The Mast-Head: When Stories Take Off
It would be great publicity for all involved, if anyone reads it. That was part of my thinking this week on a story about a portrait of Jacqueline Kennedy Onassis whose ownership is disputed in a federal lawsuit.
One of the indisputable truths about media in these times is that readership is fractured into innumerable discrete groups. Television news, which once was confined to the big national networks and their local affiliates, matters far less than it once did. Newspapers’ monopolies on the public’s attention ended with the rise of radio. On the internet, social media spoon up news your friends “like” and little else.
The Jackie O painting story was first reported by The New York Post and Daily News on Saturday. Other news outlets picked it up, and by Monday it was everywhere, or so it seemed. The story, I assumed, was interesting enough that, at least locally, it would cross over into general consciousness.

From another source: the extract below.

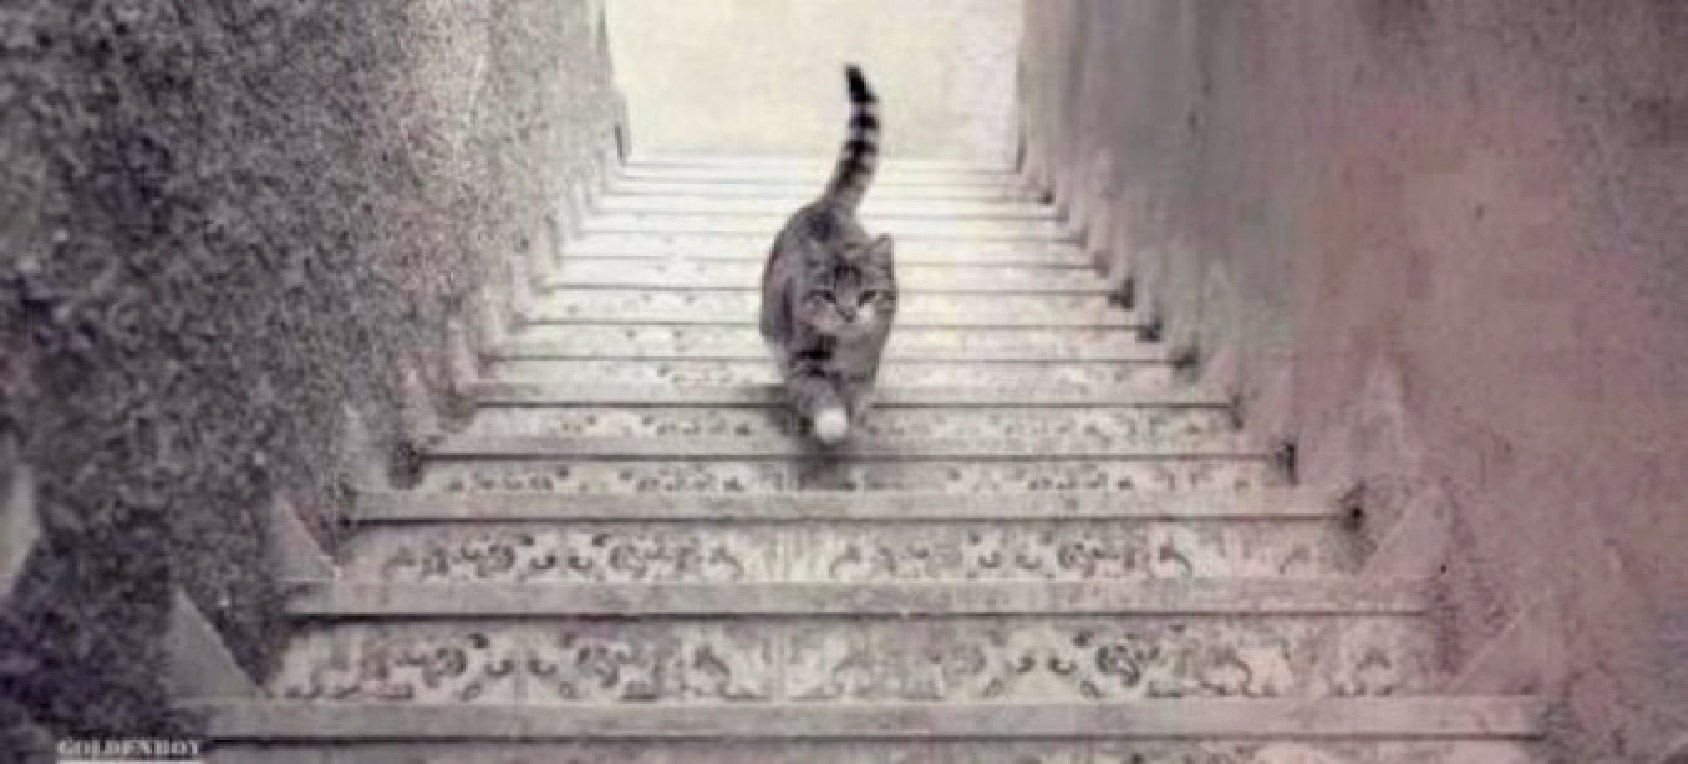 Me pareció ver un lindo gatito que… ¿sube o baja?

In short, the suit alleges that a small painting of the future first lady was stolen from the Beale house, otherwise known as Grey Gardens, in the 1960s or early ’70s. What is not disputed is that Terry Wallace, who runs a gallery in East Hampton Village, bought the painting from an unnamed antiques dealer in about 1988.
A Beale nephew, who lives in California and who has not been shy about trying to cash in on the family name with a line of fashion accessories, wants the painting for himself and has sued in federal court seeking its handover.
That the suit is with the feds is notable in and of itself. T.E. McMorrow, the reporter who wrote our story, pointed out that there is a $75,000 threshold to bring a property claim before a federal judge. The nephew’s lawyer says the painting is worth at least that much. T.E., or Tom, as we call him, is skeptical; none of the portraitist’s works has gone for more than $850, he said.
But federal court is federal court, and it makes for better headlines and a greater likelihood that, as happened, multiple news outlets pick up a story. Still, at my usual Java Nation stop on Tuesday morning, none of the news-junkie regulars had heard of it. Even Andrew, who runs the place and knows everything, was in the dark.
So the question was what The Star should do. Should we wait for it to appear in print before putting it on our website or just go for it? We put it up, pushing the story out over Facebook and Twitter simultaneously. Interest was steady, if modest. A small item we had posted a few days earlier about the New York City restaurant chain Il Mulino held an insurmountable lead, followed closely by our coverage of a seal pup found scooting along a road in Amagansett in January. Everybody had heard about that.
As to the publicity value of the Jackie O painting, the nephew wins either way, by seeing his name go cross-platform from New York to London’s Daily Mail. And Mr. Wallace, who says the portrait is his legally and not for sale anyway, does too.